A third problem with this “bio” consists in the several sentences this woman dedicates to the question of what she calls “transfers.” Beside the fact that she is again violating the basic rules of decorum in this setting – i.e., presuming to lecture fellow members on what they ought to be doing and why they ought to be doing it, within a platform simply not intended for that – she demonstrates her penchant for setting herself up as ‘judge, jury and executioner’ in these matters, in the same spirit of her protege aforementioned, Miss Schlussel. You’re beginning, I trust, to gain a fuller understanding of why I dubbed this woman “the Debbie Schlussel of Find a Grave members” soon after having first read her bio information misplaced lecture months ago.

Don’t get me wrong – I can certainly agree with some of her points. E.g., that the stories of our ancestors and their lives ought to be told, and as accurately as possible; that they ought not be forgotten; that they should be treated with respect; that their memorials are not numbers for collecting. And so on. After all, I’ve written about those very things and from the same perspective any number of times in the past. But the question again is, what has any of that to do with this woman’s bio information? And the answer of course is that none of it has anything to do with her bio information, nor mine, nor anyone else’s. What is really at issue here is this woman’s inability, and/or refusal to exercise self-restraint – the self-restraint that it takes to recognize that, there is a place for her lectures and questioning the motives of others, and the bio section of her FaG membership page ain’t it.

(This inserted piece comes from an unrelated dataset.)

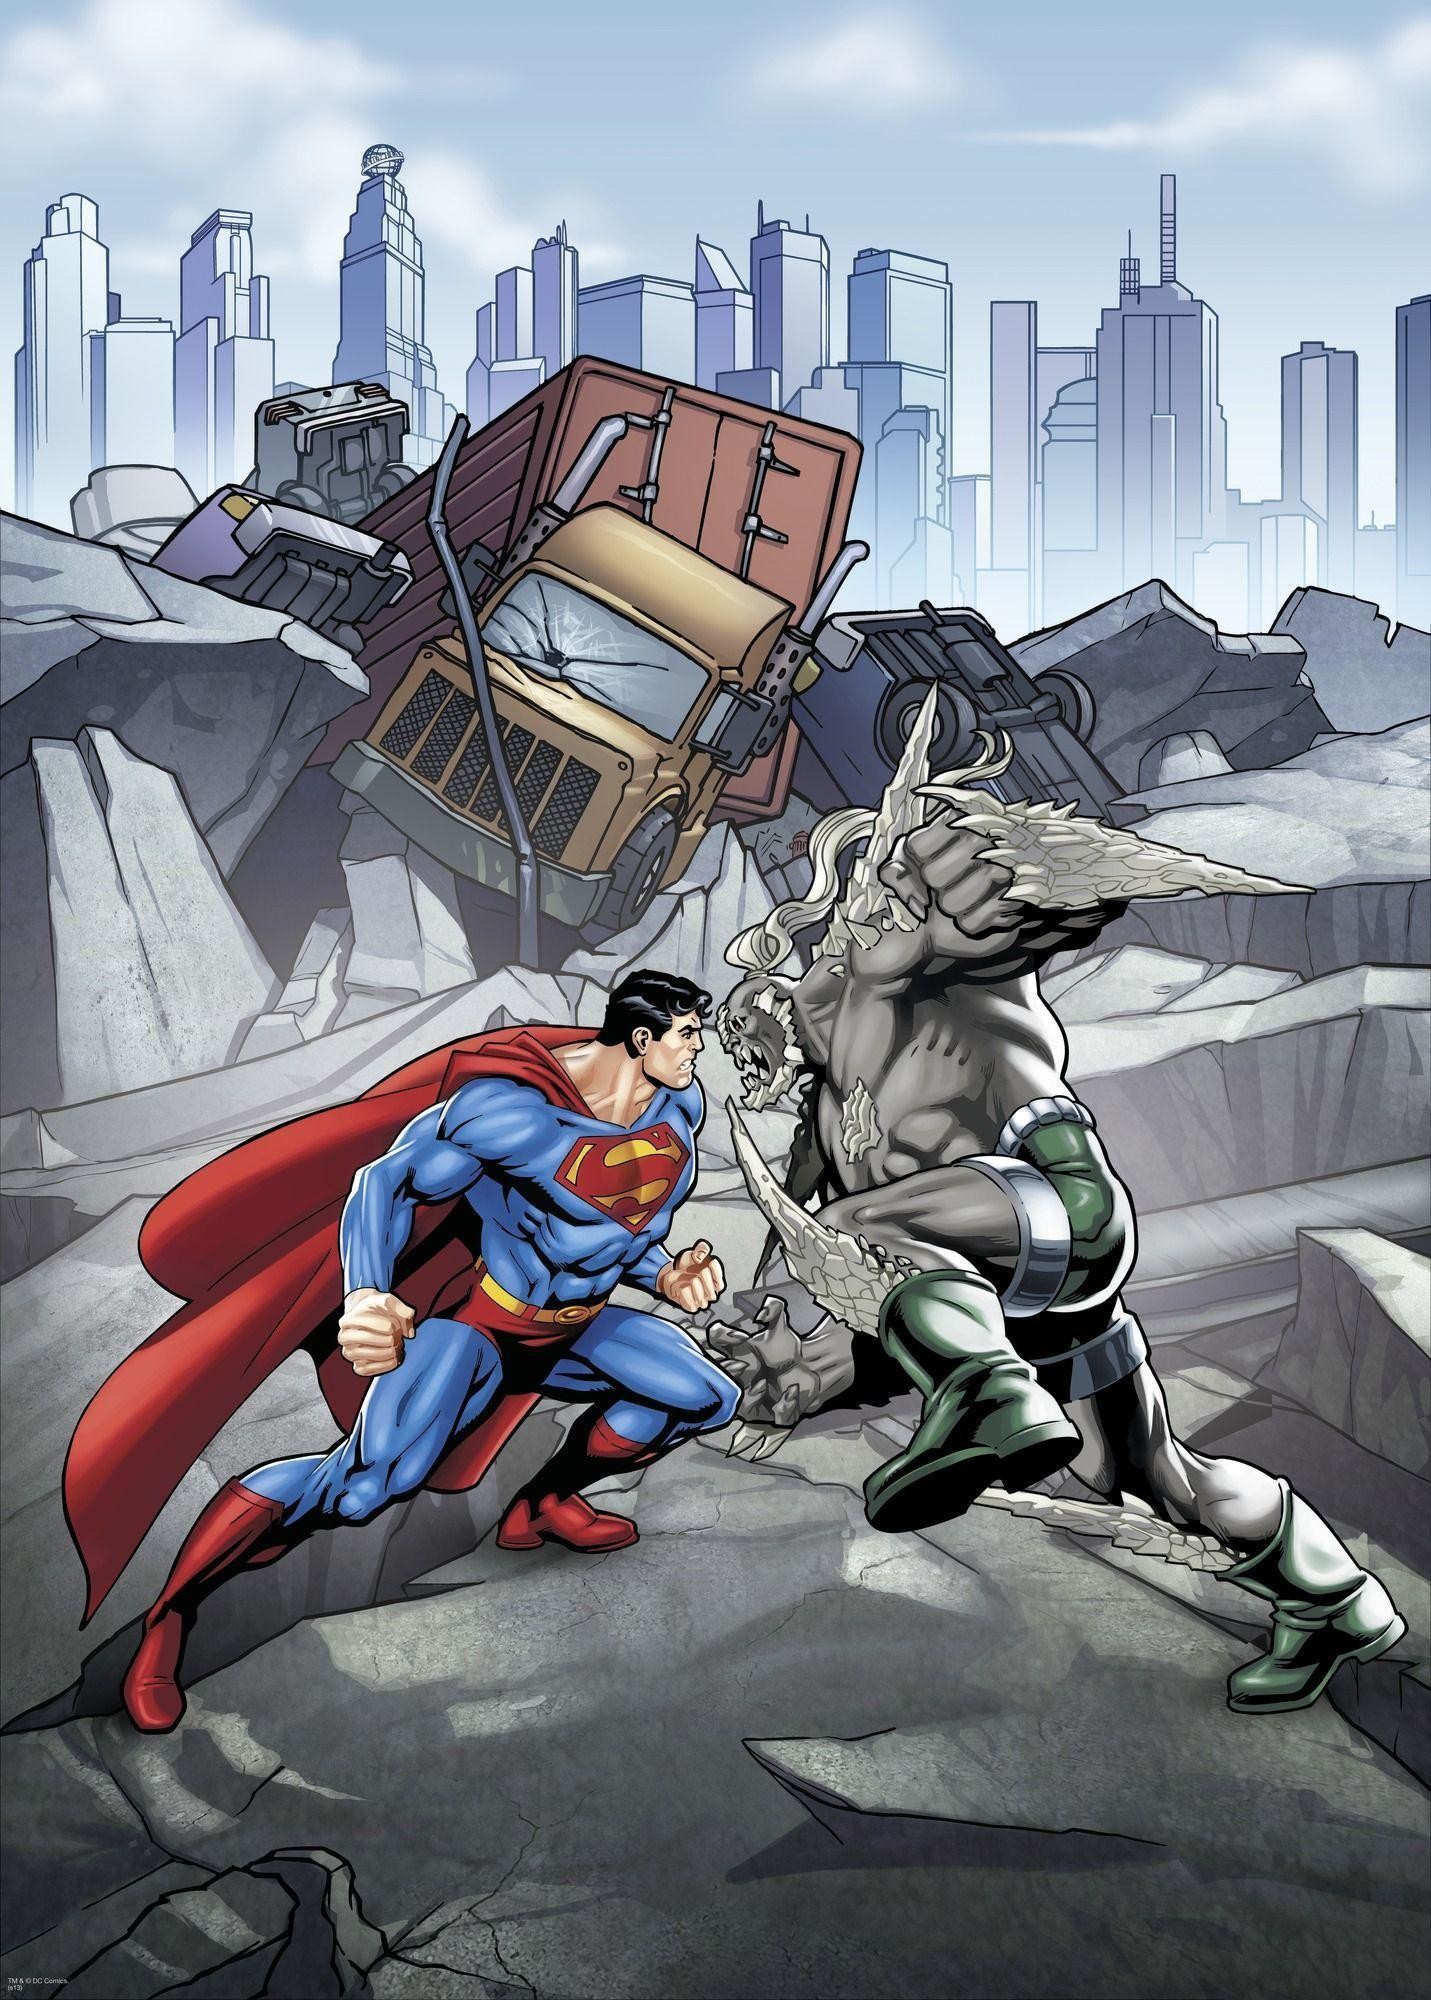 doomsday wallpaper,fictional character,superhero,hero,batman,justice league

Let us study another bio – a real bio – and its contents, within the same database and by direct contrast to the above. Consider:

My name is Joanna Gentry. December 29, 2014, I retired from local government after 28 years. I worked in data entry, construction survey, and GIS. My married name was McIntyre. I was born in Visalia, CA, and I am a first generation Californian. Both my parents were born in Oklahoma and I have many ties to that state. I’ve been working on my family tree in a serious way for a couple of years. Just recently I found several generations of my family buried in Paradise Cemetery, Paradise, MO. My mythical Irish ancestor became my very real Irish 3rd greatgrandfather! Through DNA I’ve proven that I am 1/3 Irish. I’m working on finding my greatgrandmother Alfar Breashears Whitley who died in 1913 after giving birth to her 5th child. I know absolutely nothing about her parents. I’ve added a few memorials, and I’m just learning what a great tool FAG can be. And, I’m “meeting” some really wonderful caring people who are FAG volunteers. At the request of a Gentry relative who I’d never met before and is a very very distant relative, I visited my Santa Paula cemetery and got information about her great uncle. Because of that work, I’ve recently “met” this man’s granddaughter. It’s a small world, isn’t it?

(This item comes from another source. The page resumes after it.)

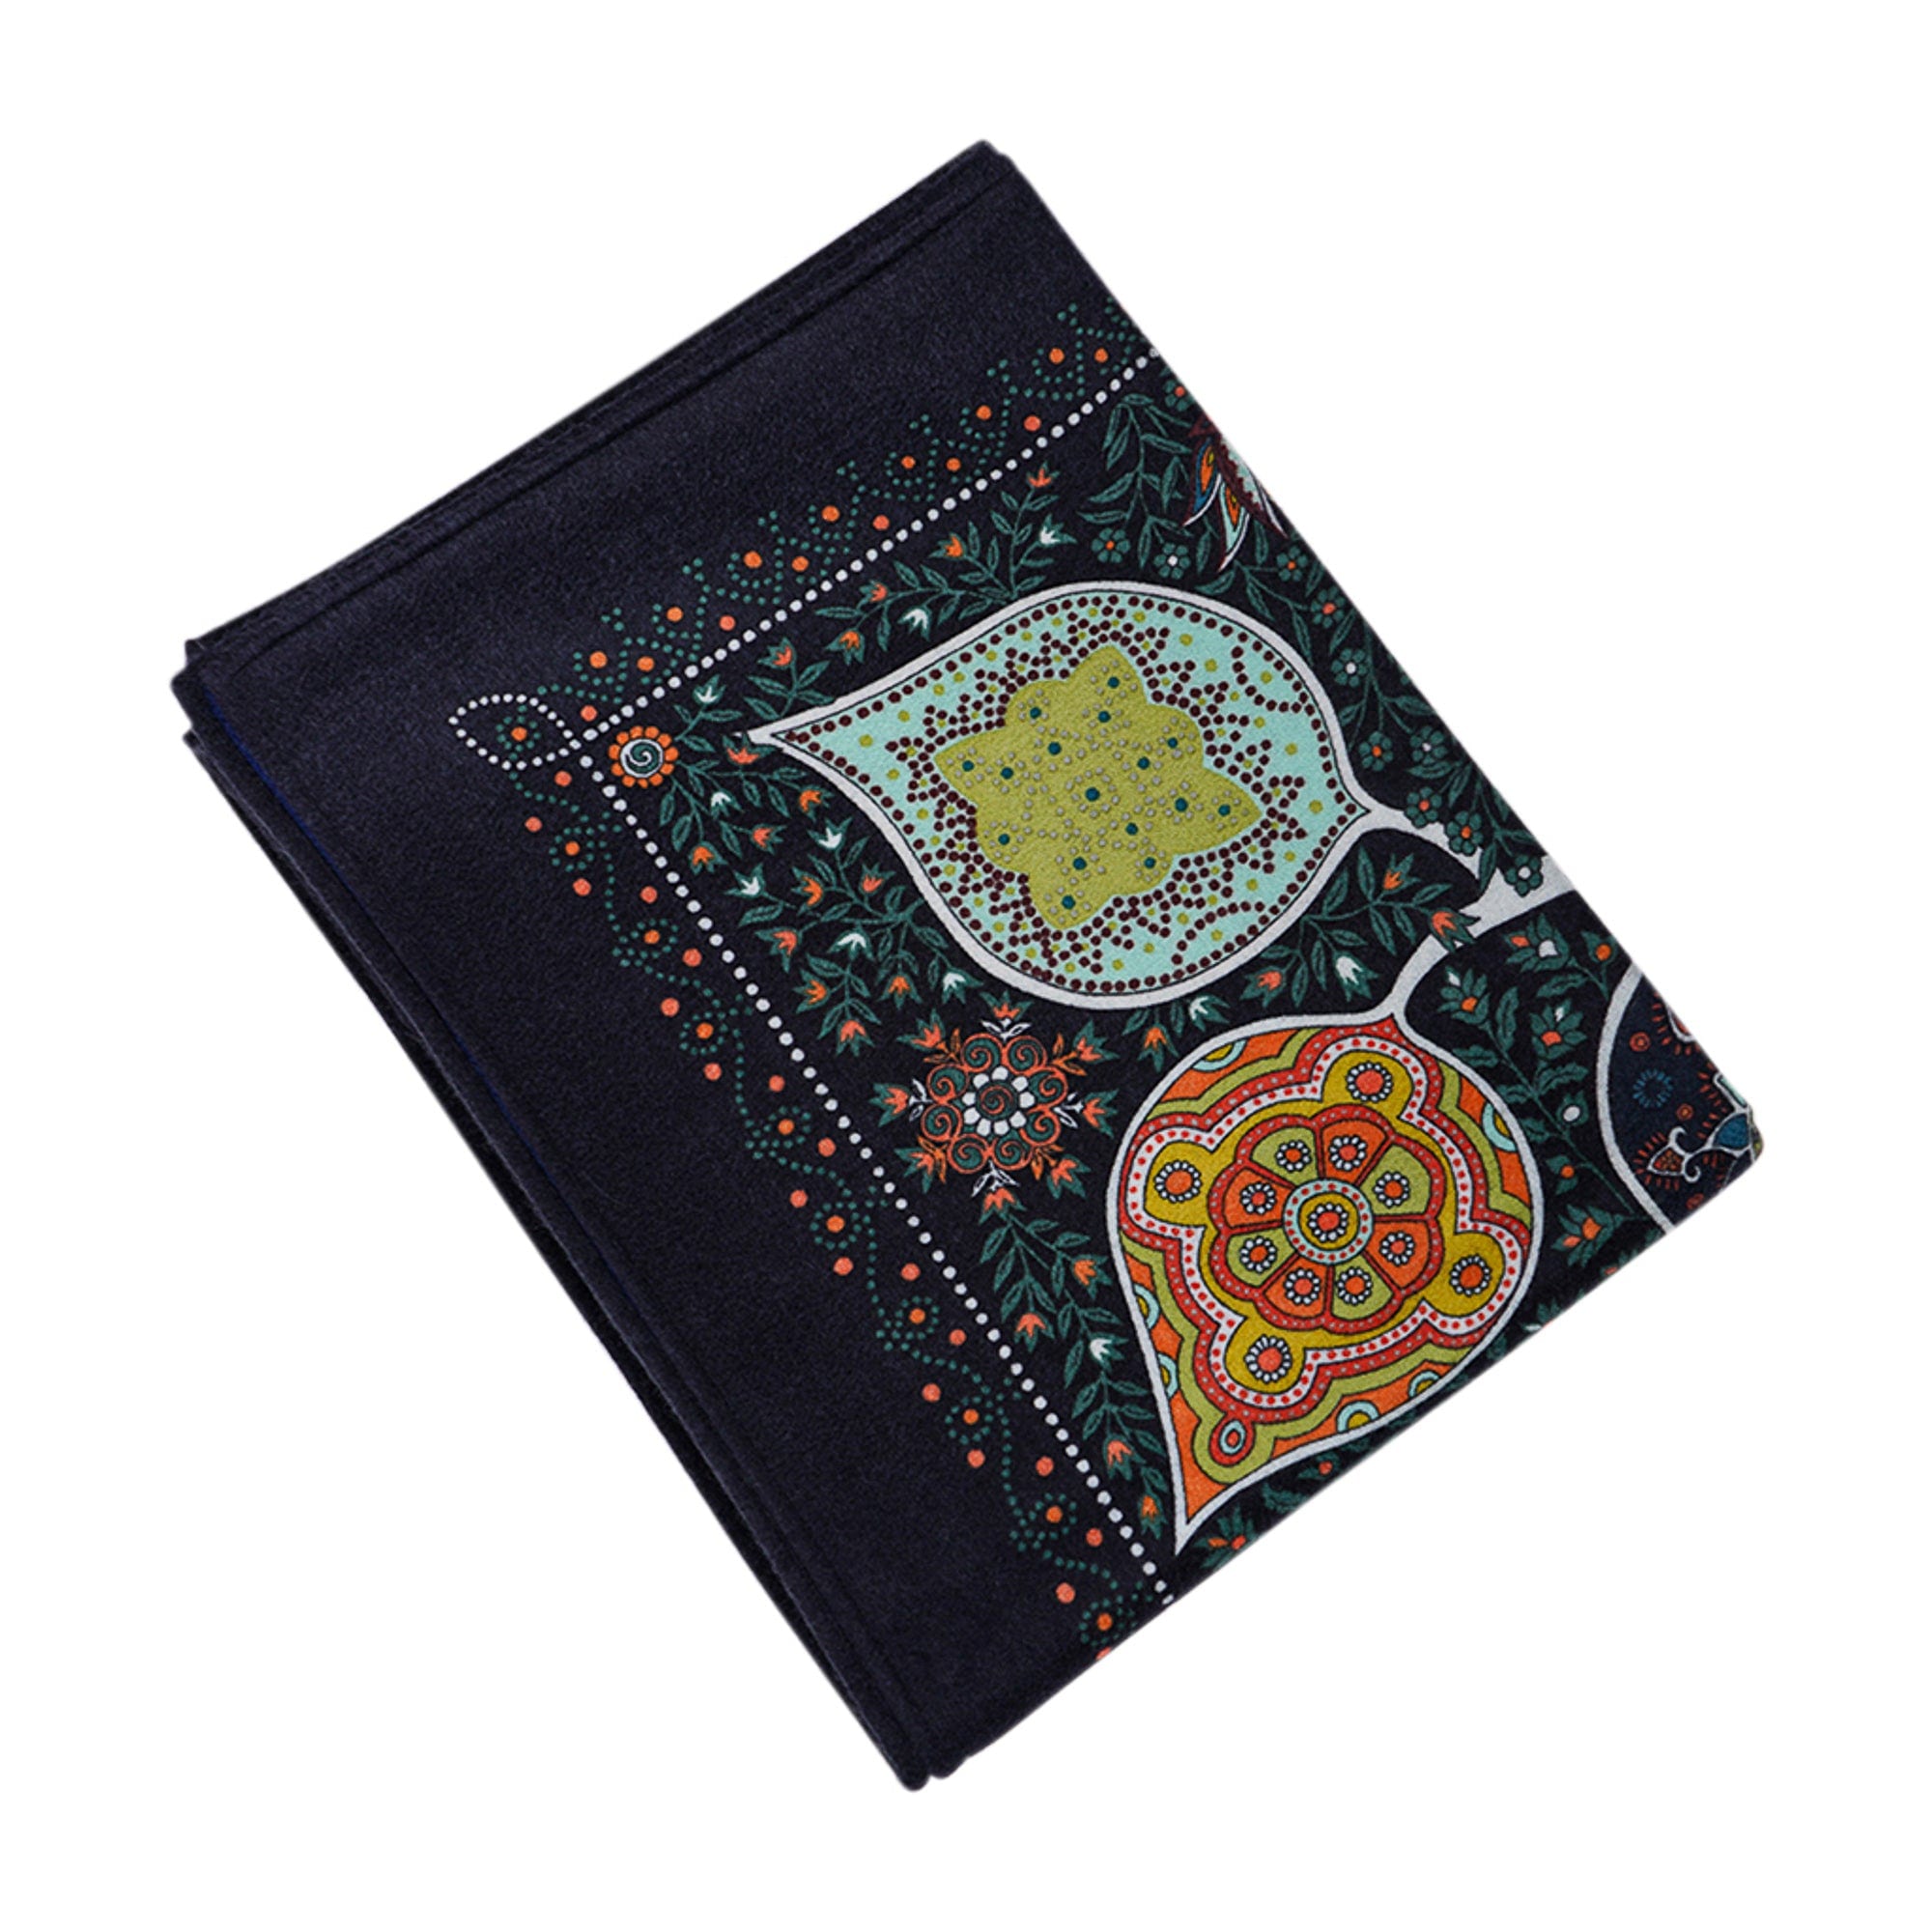 Hermes Blanket Tree of Life Blanket Multicolored Cashmere / Silk

I am willing to transfer most of the memorials that I have created for the Santa Paula Cemetery. Researching: Gentry, Whitley, Smith, Trammell, Brashears, McIntyre, Moen, Fursman, Skei.

2 comments

    1. That’s a question for the original creator of the database – a man named Jim Tipton, or for its owners since 2013 – ancestry.com. I have, however, considered suggesting to the administrators of the database that they make another video “tutorial” to add to their collection, informing their members what the terms “bio information” mean and showing written examples, since a significant proportion of their membership seem not to know.